Semaine 4
Plusieurs décisions récentes de l'AMF a semé le doute sur la légitimité des rétrocommissions. Ce modèle que l'on dit finissant depuis plusieurs années est peut-être cette fois-ci véritablement compromis. Nombreux sont ceux qui, dans ce contexte, reconsidèrent la possibilité de passer aux honoraires.

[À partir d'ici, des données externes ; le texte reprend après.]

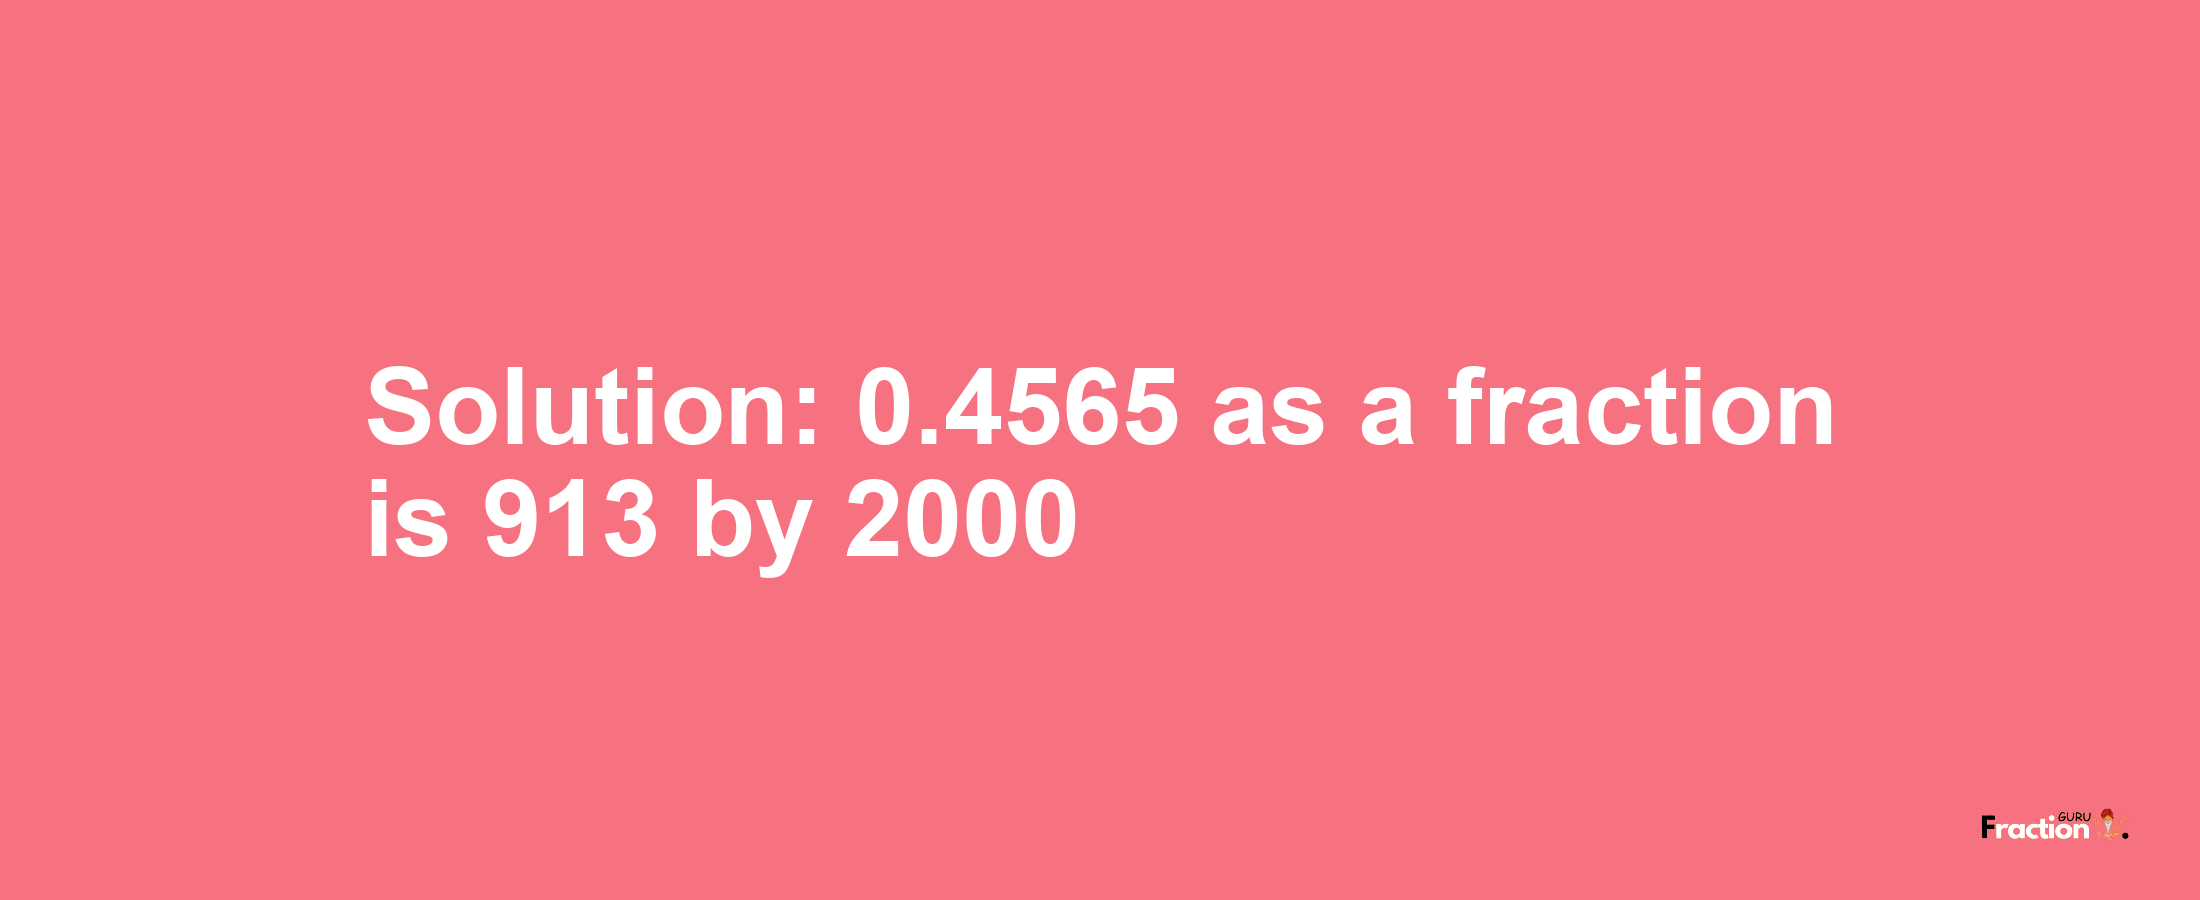 Solution:0.4565 as a fraction is 913/2000

🔵 C'est indubitablement la sanction pris à l'encontre d'Altaroc qui a donné le coup de semonce : la société de gestion spécialisée dans les actifs non cotés s’est en effet vue reprocher de ne pas pouvoir prouver que le versement de rétrocommissions avait vocation à améliorer la qualité du service fourni aux investisseurs. Ce qui n'était, jusque là, qu'une obligation théorique devient tout à coup une préoccupation majeure du régulateur.
🔵 Si des groupes de travail ont été constitués par l’AFG ou France Invest en ce sens, parvenir à des procédures standardisées qui permettraient de respecter les règles tout en limitant les contraintes risquent d'être complexes et surtout d'alourdir encore la charge administrative des CGP. On peut, en effet, craindre que l'ensemble des sociétés de gestion ne leur demandent de justifier séparément de l’amélioration de la qualité de service aux clients.
🔵 Si certains prennent d'ores et déjà les devants en revoyant leur modèle de rémunération (c'est notamment le cas d'Alpha Conseils ou de RockFi), rappelons que le modèle économique des honoraires n'est encore adopté que par moins de 20% de la profession ce qui laisse une idée du bouleversement à attendre dans les prochaines années si l'AMF confirmait sa doctrine.
Tout porte à croire que le délai accordée à la France par l'Europe sur le sujet n'aura finalement été qu'une victoire à la Pyrrhus. Il est plus que temps d'en tenir compte et de réfléchir sans plus attendre à accompagner le changement avant que de le subir.